The Islamic scholar Malise Ruthven has warned that while most religions tend to mature out of textual literalism, the idea of the Qur'an as a handbook of pluralism and democracy is fanciful. It is permeated with the language of struggle (jihad) and victory over unbelievers. It insists on the oneness of the political and the religious realm, of this world and "the next".
He writes: "Once it is allowed that there are different paths to ultimate truth, an individual's religious allegiance becomes a matter of personal choice. Choice is the enemy of the certainties that religions, especially monotheistic ones, are supposed to uphold." Islam is a beautiful creed but a stern discipline. It is this discipline that clearly appeals to some British Muslims, perhaps threatened by the licence of youth.
Another writer in the same vein, Hans Küng, points out that jihad was never just a defensive concept but "a struggle to advance God's cause among the unbelievers". To make it accord with western pluralism would require a theological upheaval, a "total paradigm shift". Yet even to suggest this "can still be as dangerous for a Muslim as a heterodox view was for a Catholic at the height of the Inquisition or for a liberal Protestant in Calvin's Geneva".

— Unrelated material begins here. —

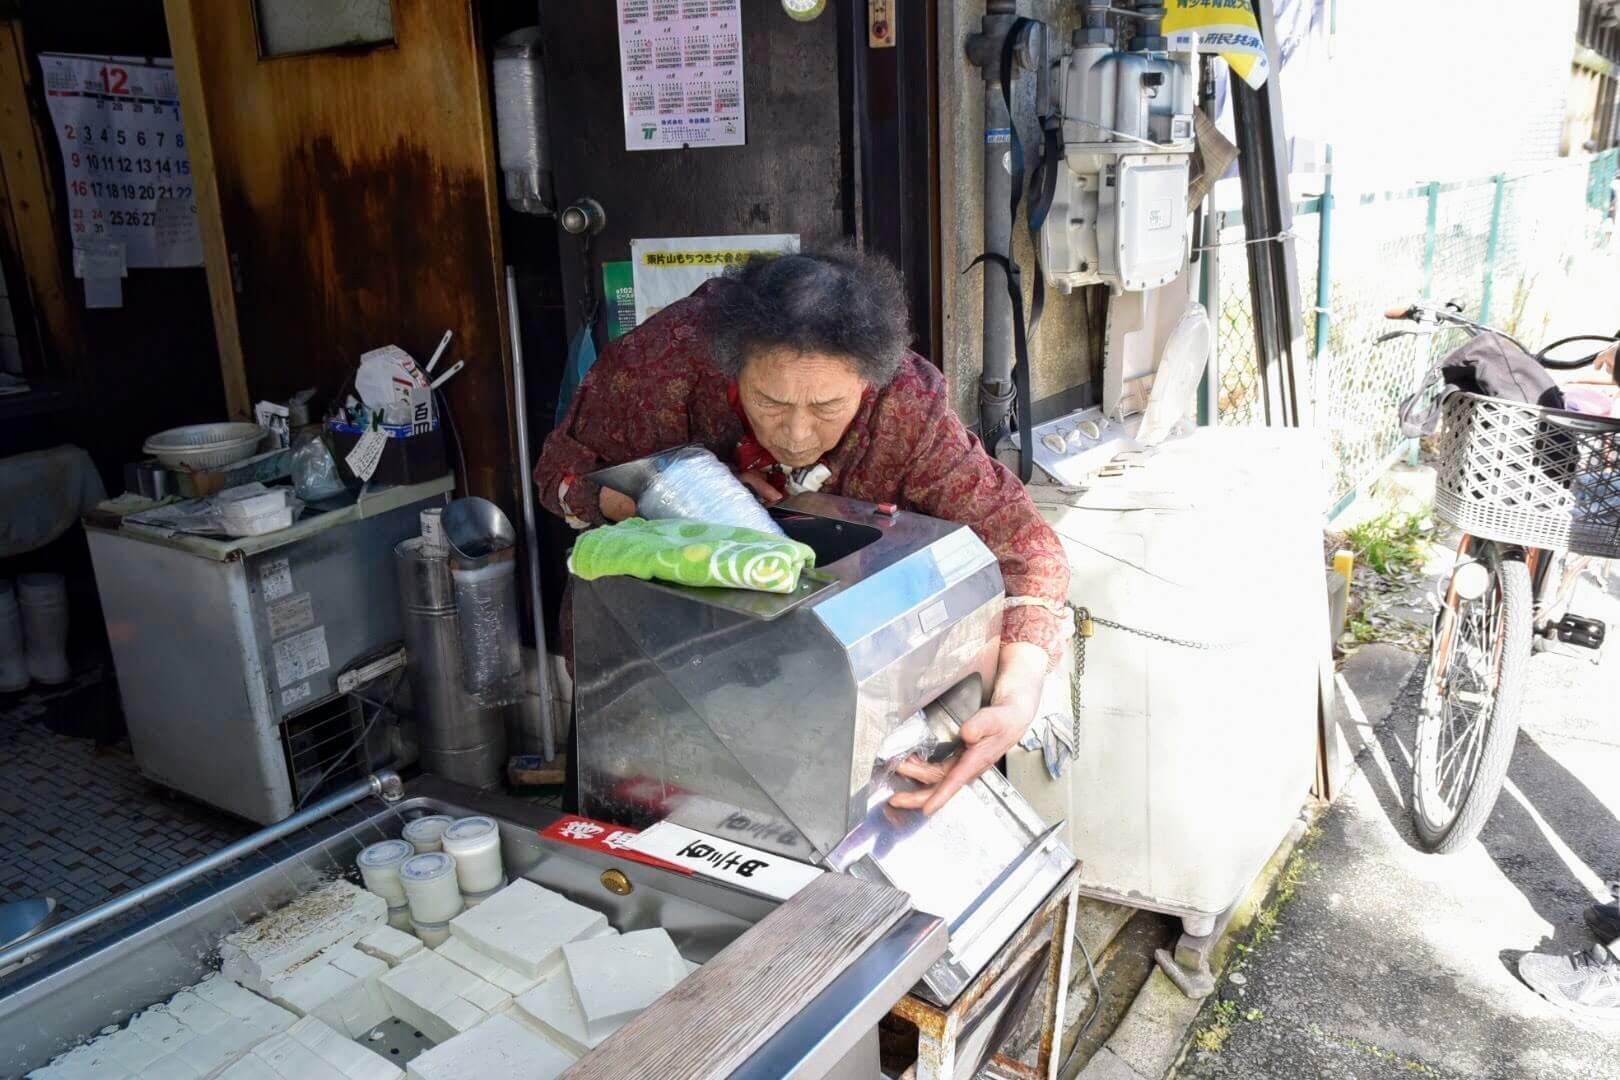 専用の機械に豆腐を流し込むおばあちゃん
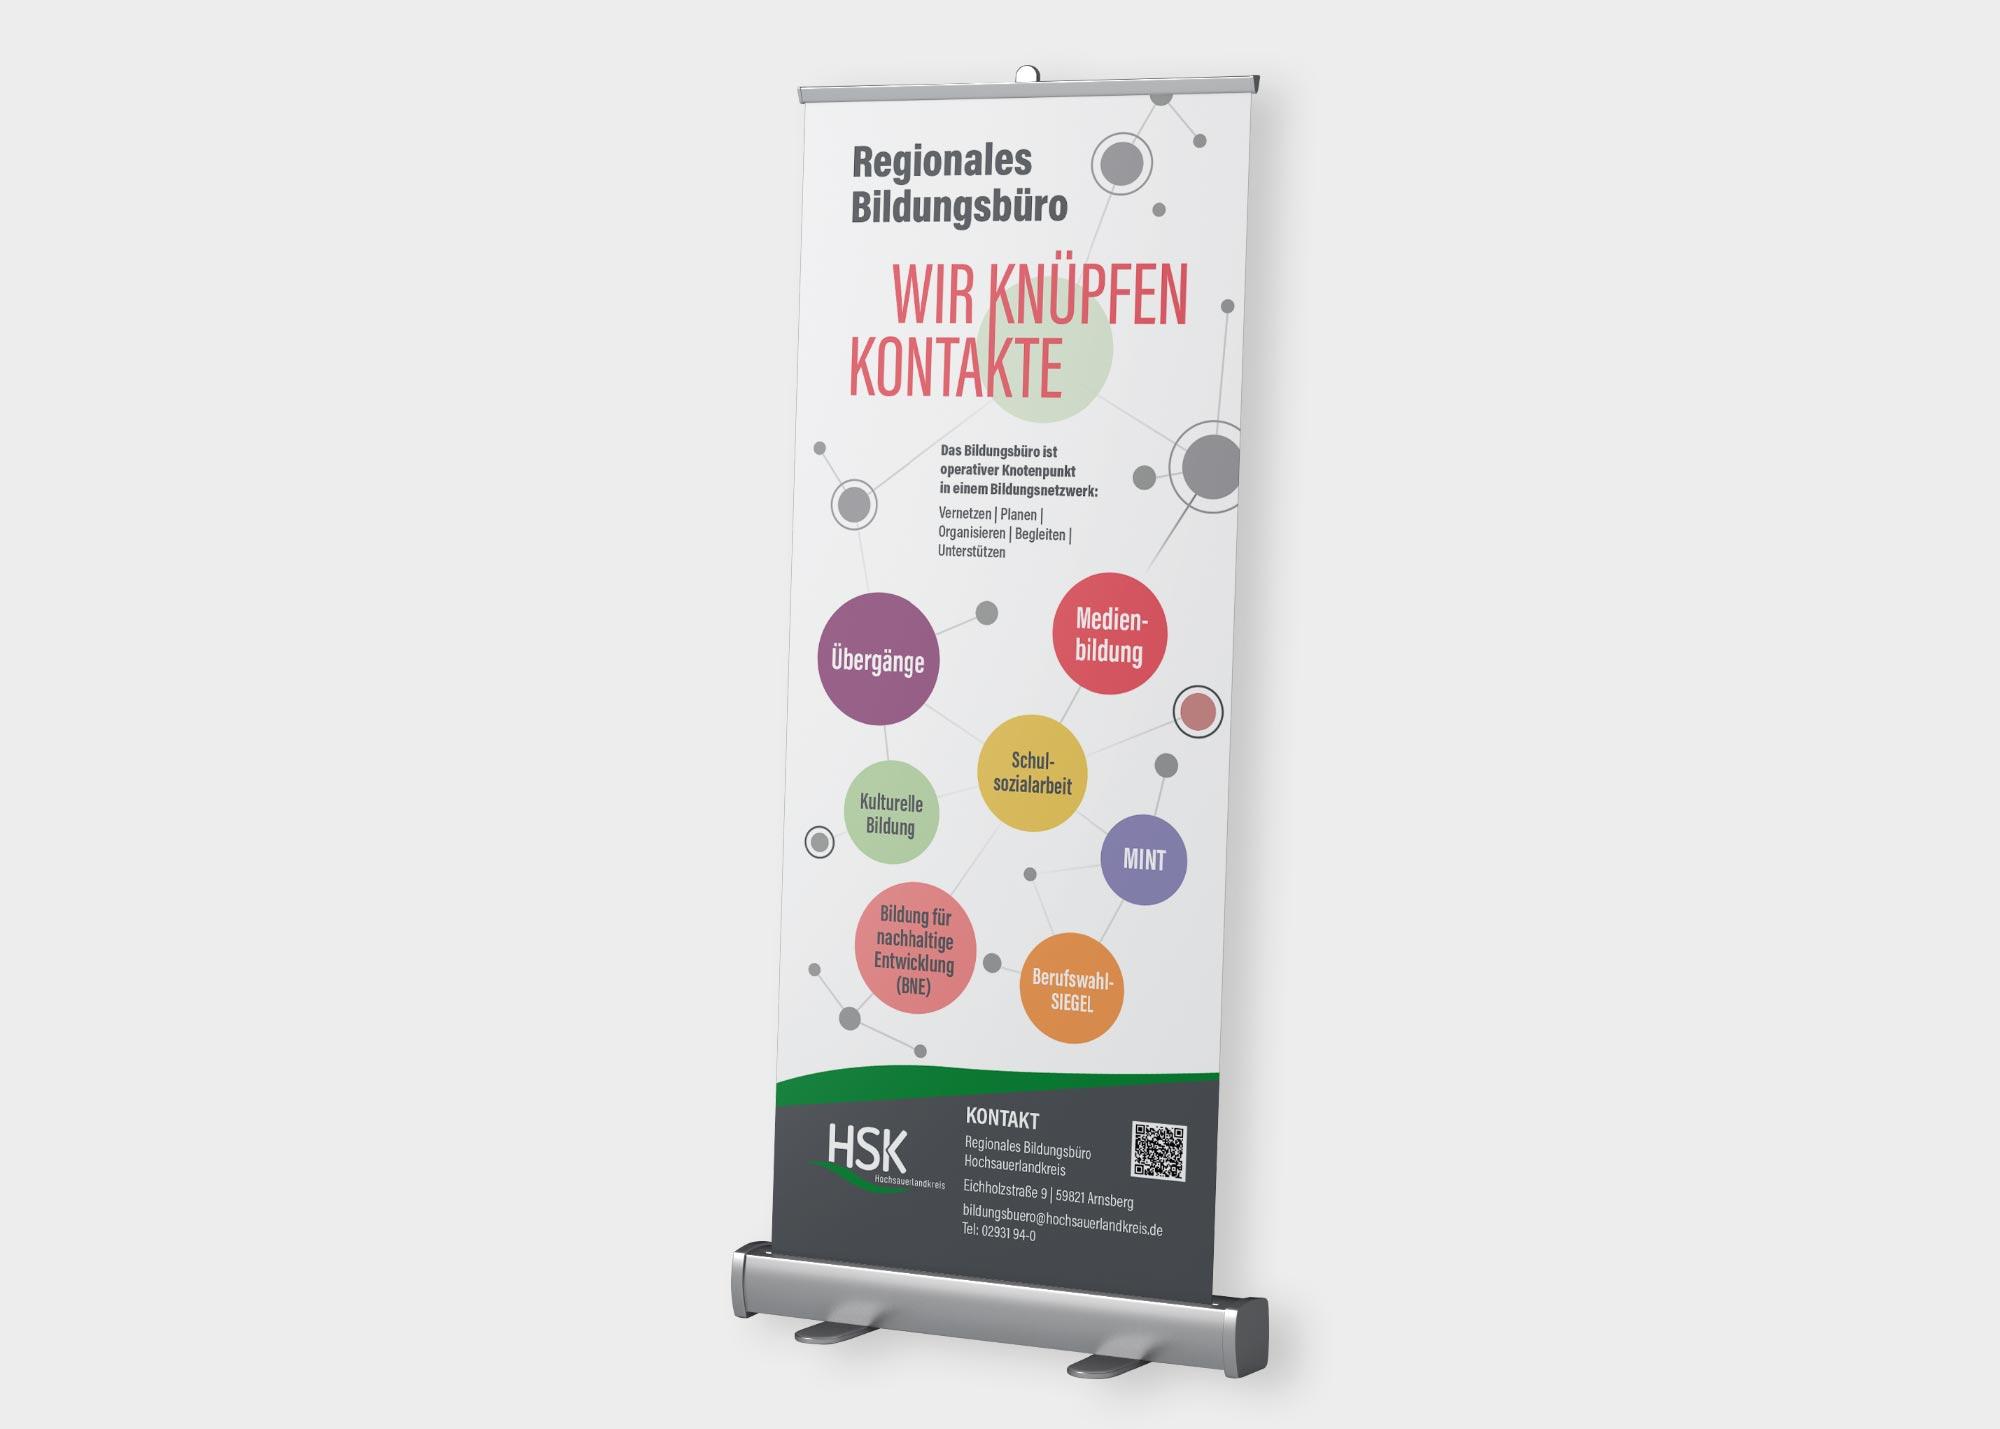 Roll-Up HSK Hochsauerlandkreis

The imperial revivalism of George Bush, Tony Blair and the neocons was catastrophic. After a trillion dollars of intervention, America and Britain have left the Muslim world as far from liberal democracy as ever. It is easy to say the agonies now being experienced from the shores of Lebanon to the borders of Pakistan and India are self-inflicted and "Muslim on Muslim", but all have been fuelled by western meddling. Invading armies, bloodthirsty occupations and drone bombings have been extremism's most potent recruiting sergeants. They must rank as the most counter-productive military adventures of recent times.
Those westerners who exulted in the Arab spring now seem naive visionaries. The uprisings may have toppled some secular bullies, often with the aid of western arms, but the resulting chaos delivered fanatical authority as the only focus of order and intellectual coherence.
All that the west can sensibly now do is look on with pain and sympathy. We have no dogs in these fights. On Monday the former head of MI6 Sir Richard Dearlove ridiculed the idea that teenage jihadists pose an existential threat to Britain. The power of Isis and its rival al-Qaida to harm Britain was wildly exaggerated. "Blood-curdling" invitations to young Britons to go out and fight should be downplayed. As Dearlove implies, religious wars are always the worst, but they are also the hardest to end. Outsiders rarely make them better.
The people of the Muslim world clearly need the west's humanitarian aid and sanctuary in distress. Britain must accept that there will be echoes of their conflicts in its domestic communities. But the glint in the eye of Washington and London that Islam's tribal tribulations might be relieved with more guns, more missiles and more soldiers is cynical warmongering. We have done more damage to the Muslim world than it has ever done to us. We should leave it alone. We have weed enough in our own garden.